**PROBLEM STATEMENT**
The listing below should be printed exactly, every line of it. Skip the pictures.

*** DATA

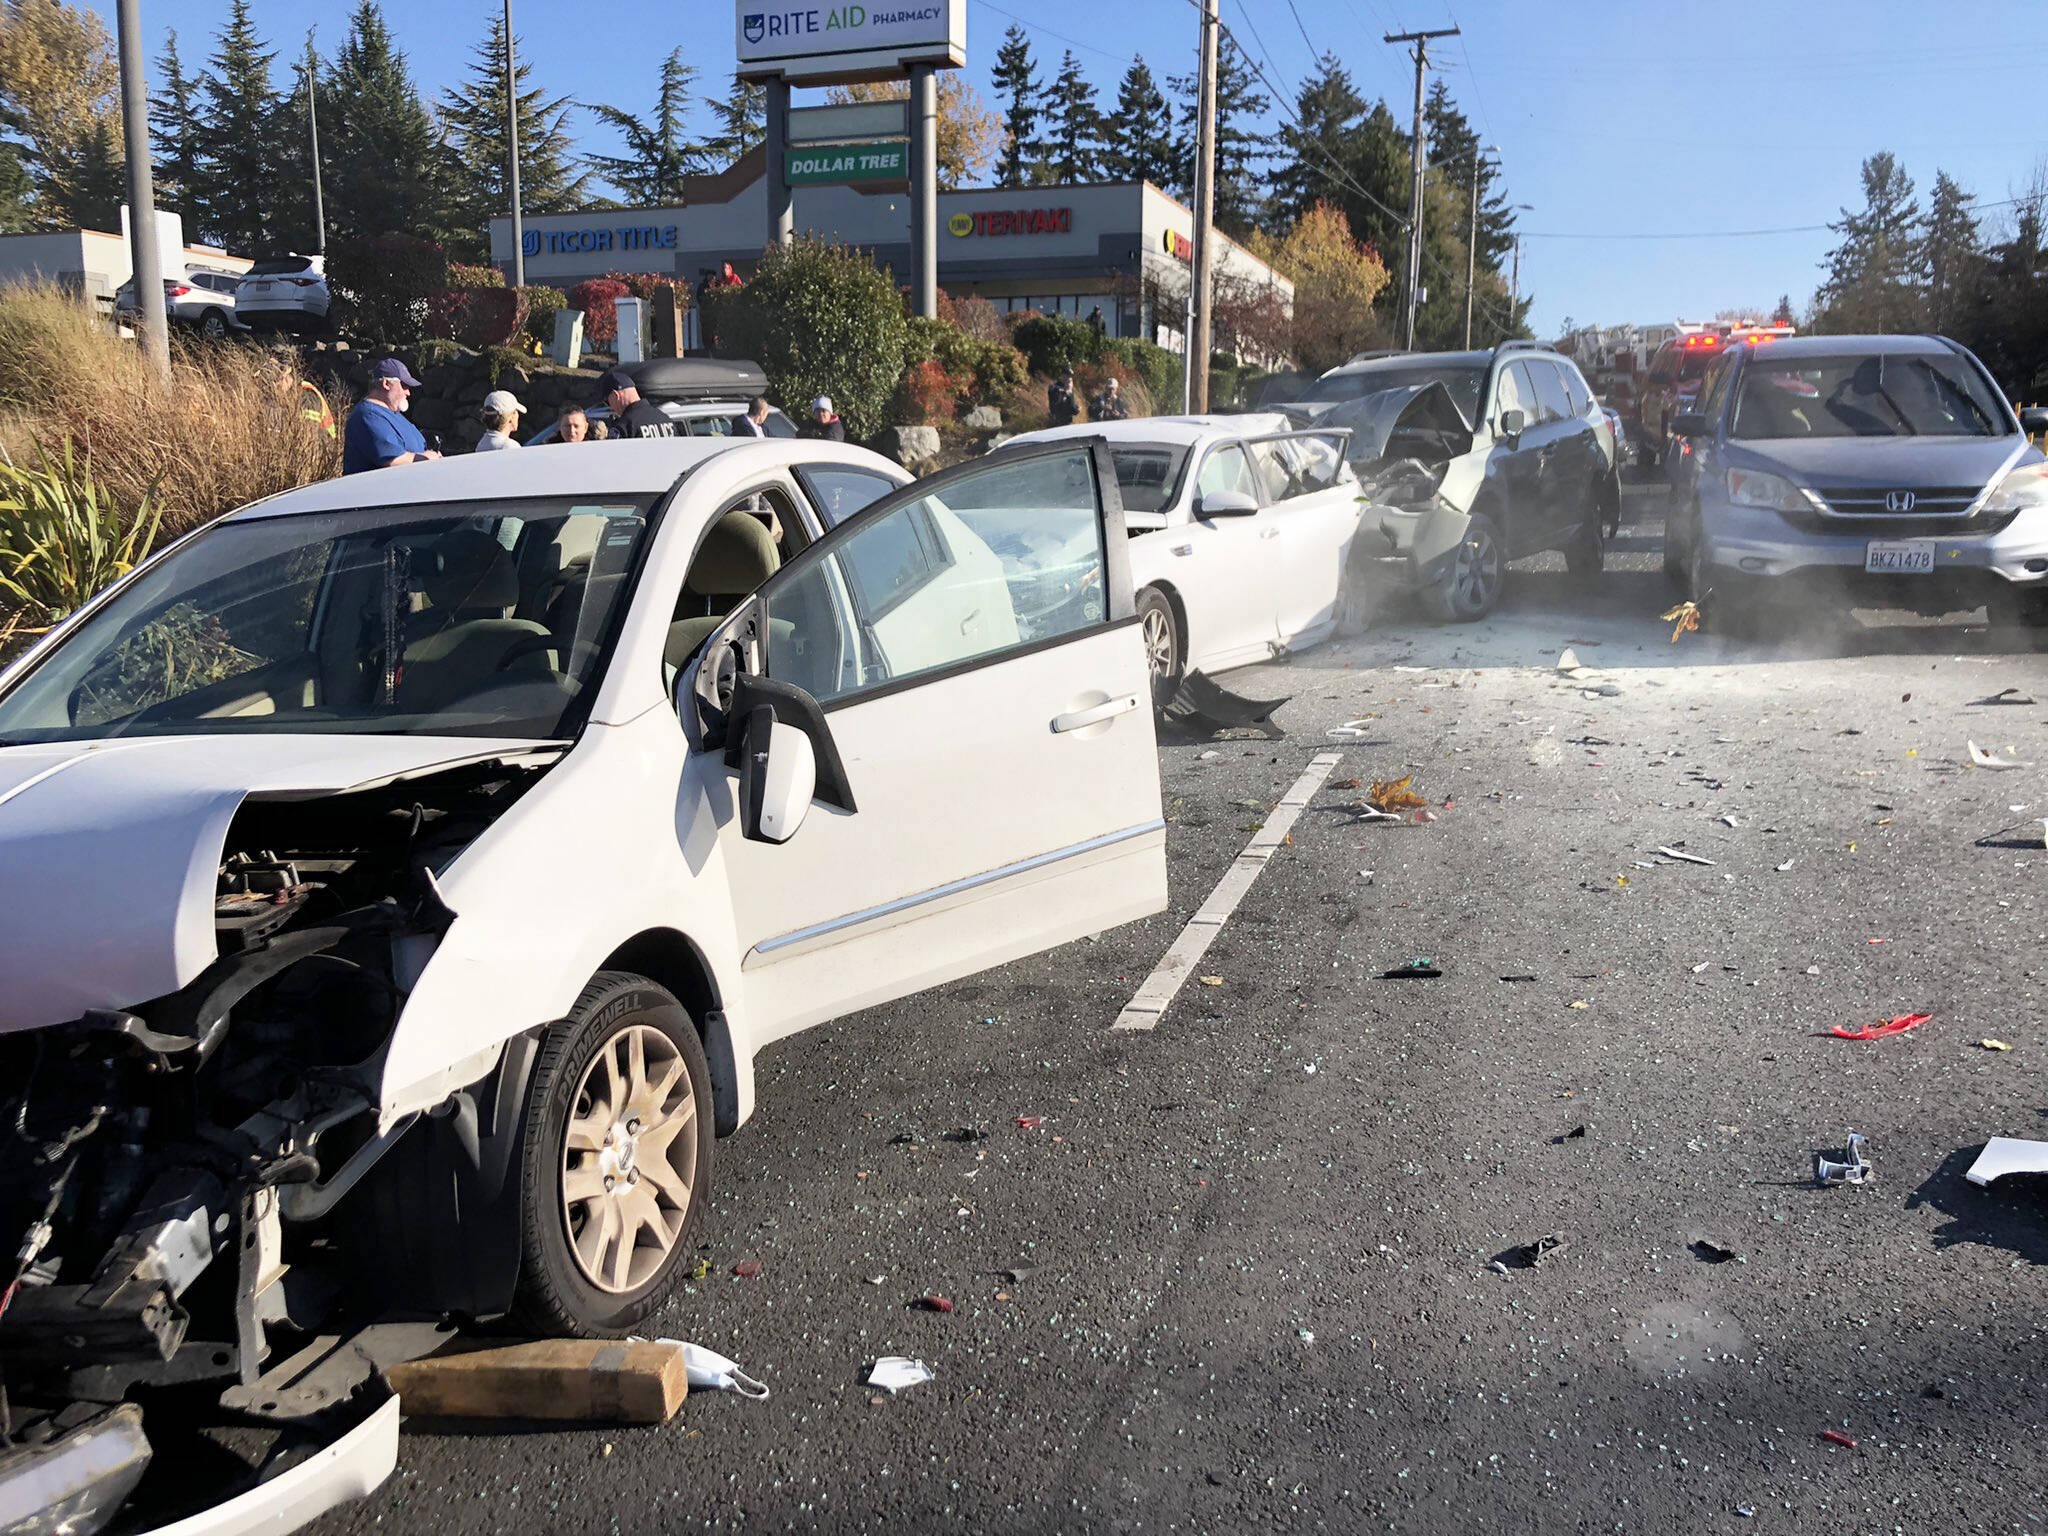 Two people were injured in a six-vehicle crash Thursday morning, Nov. 17 in Kent at the intersection of Southeast 208th Street and 108th Avenue SE. COURTESY PHOTO, Puget Sound Fire
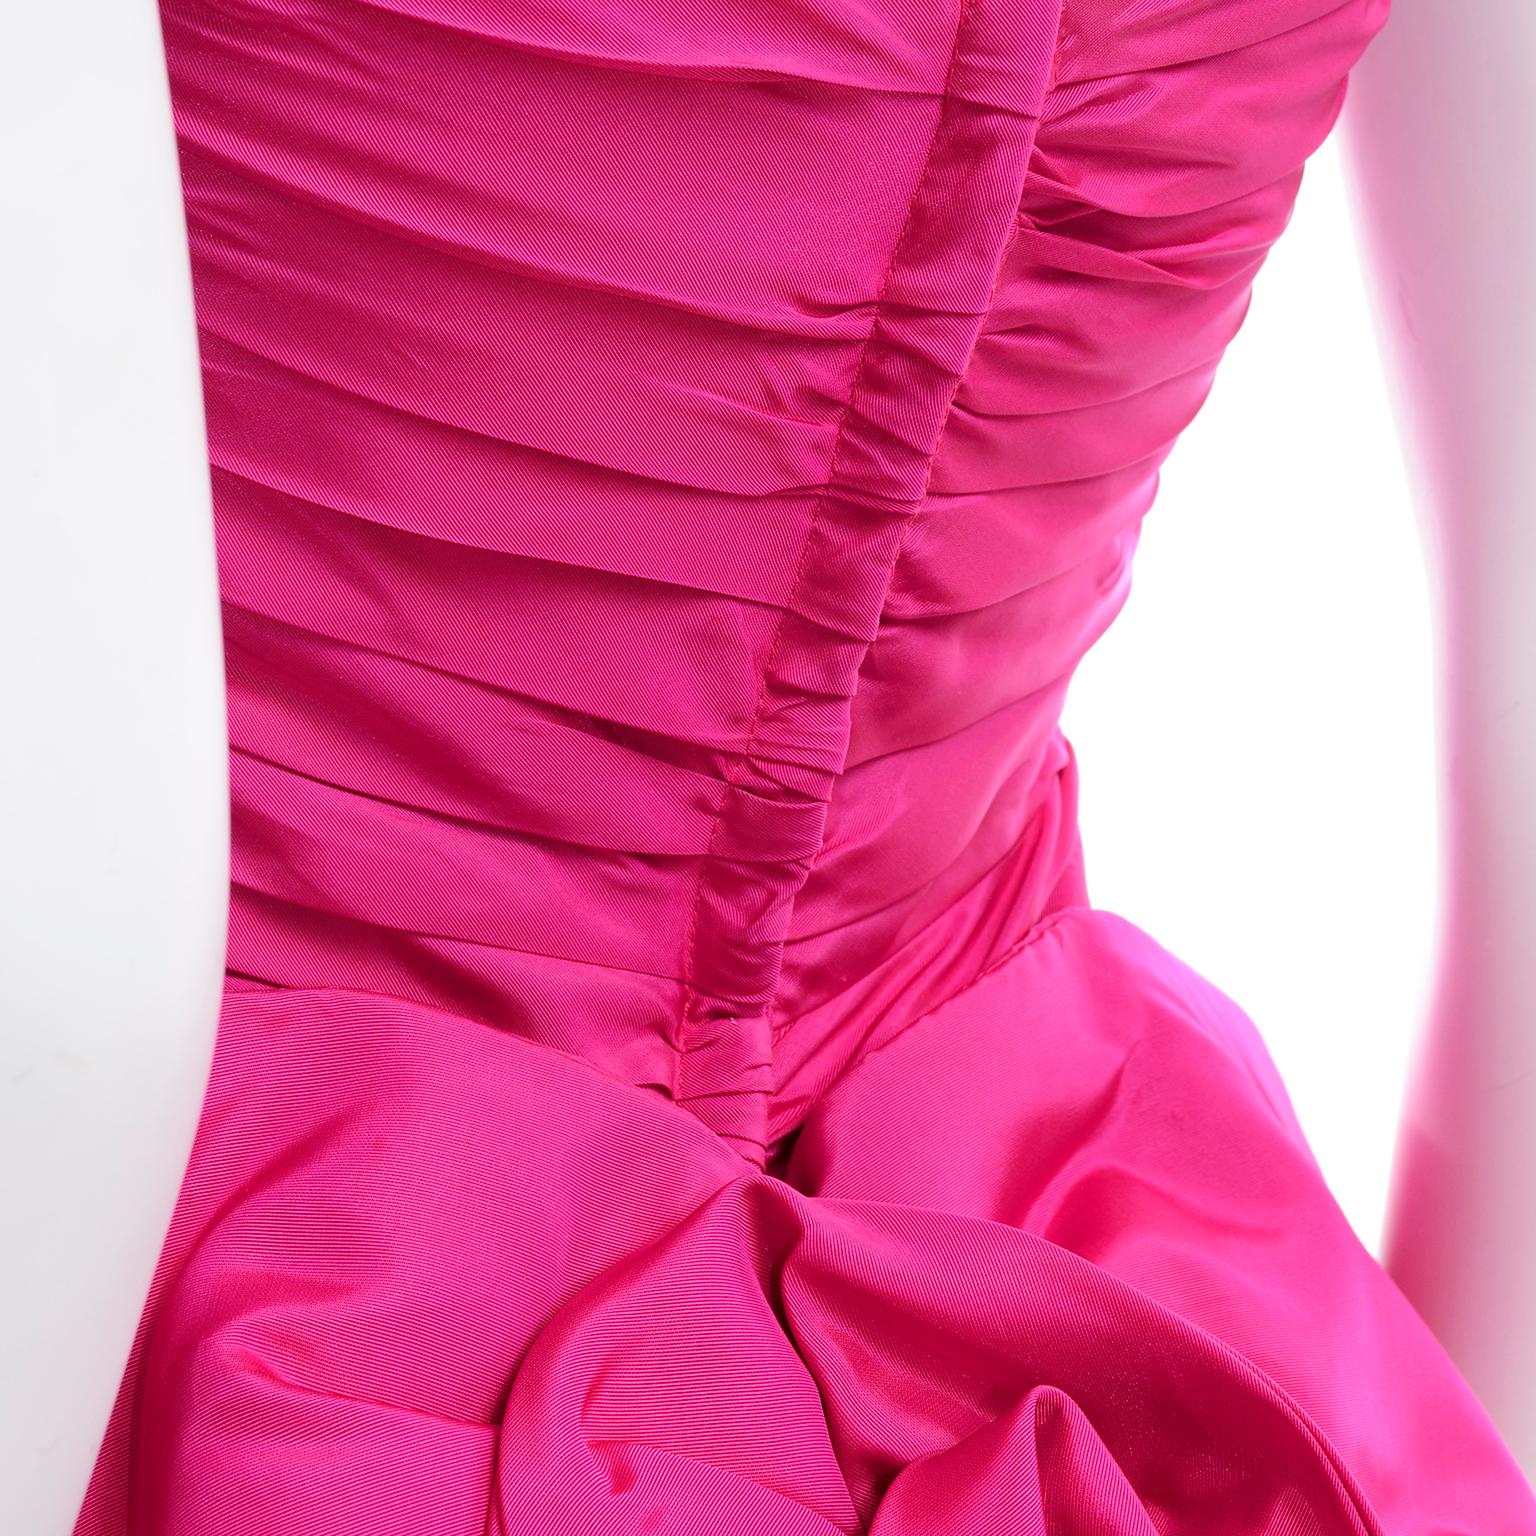 1980s Bright Pink Strapless Vintage Evening Dress With Giant Bow & Ruching 3
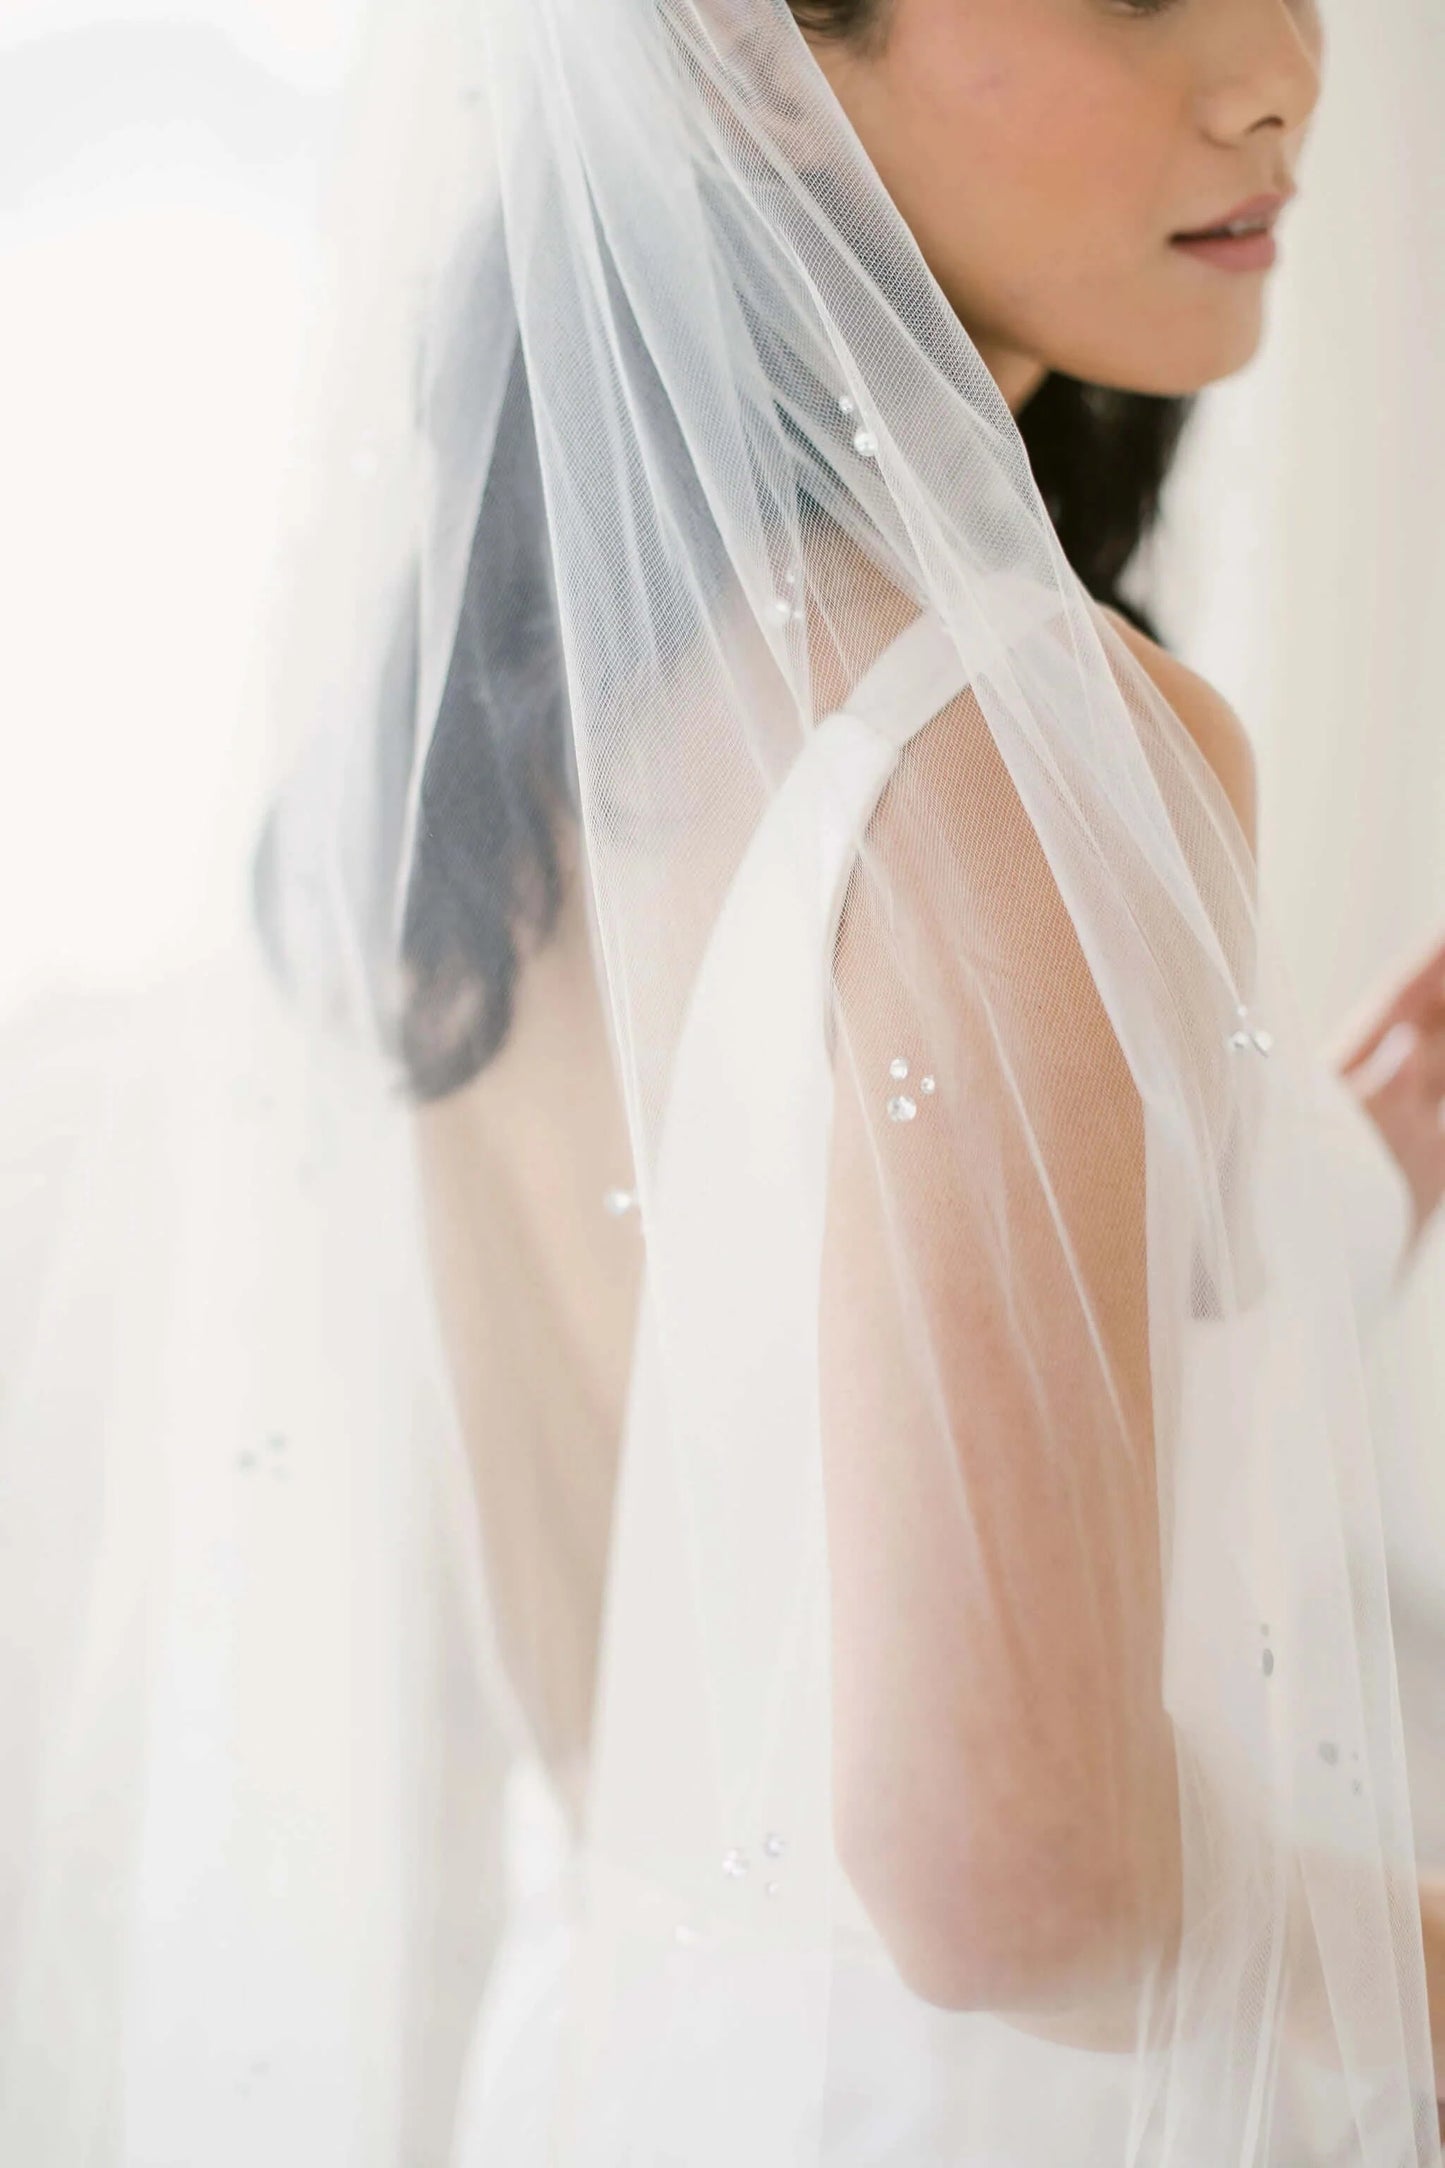 Illusion tulle veil with trio crystal accents - ready to ship Tessa Kim

******

**RESULT**
 Two people were injured in a six-vehicle crash Thursday morning, Nov. 17 in Kent at the intersection of Southeast 208th Street and 108th Avenue SE. COURTESY PHOTO, Puget Sound Fire
 1980s Bright Pink Strapless Vintage Evening Dress With Giant Bow & Ruching 3
 Illusion tulle veil with trio crystal accents - ready to ship Tessa Kim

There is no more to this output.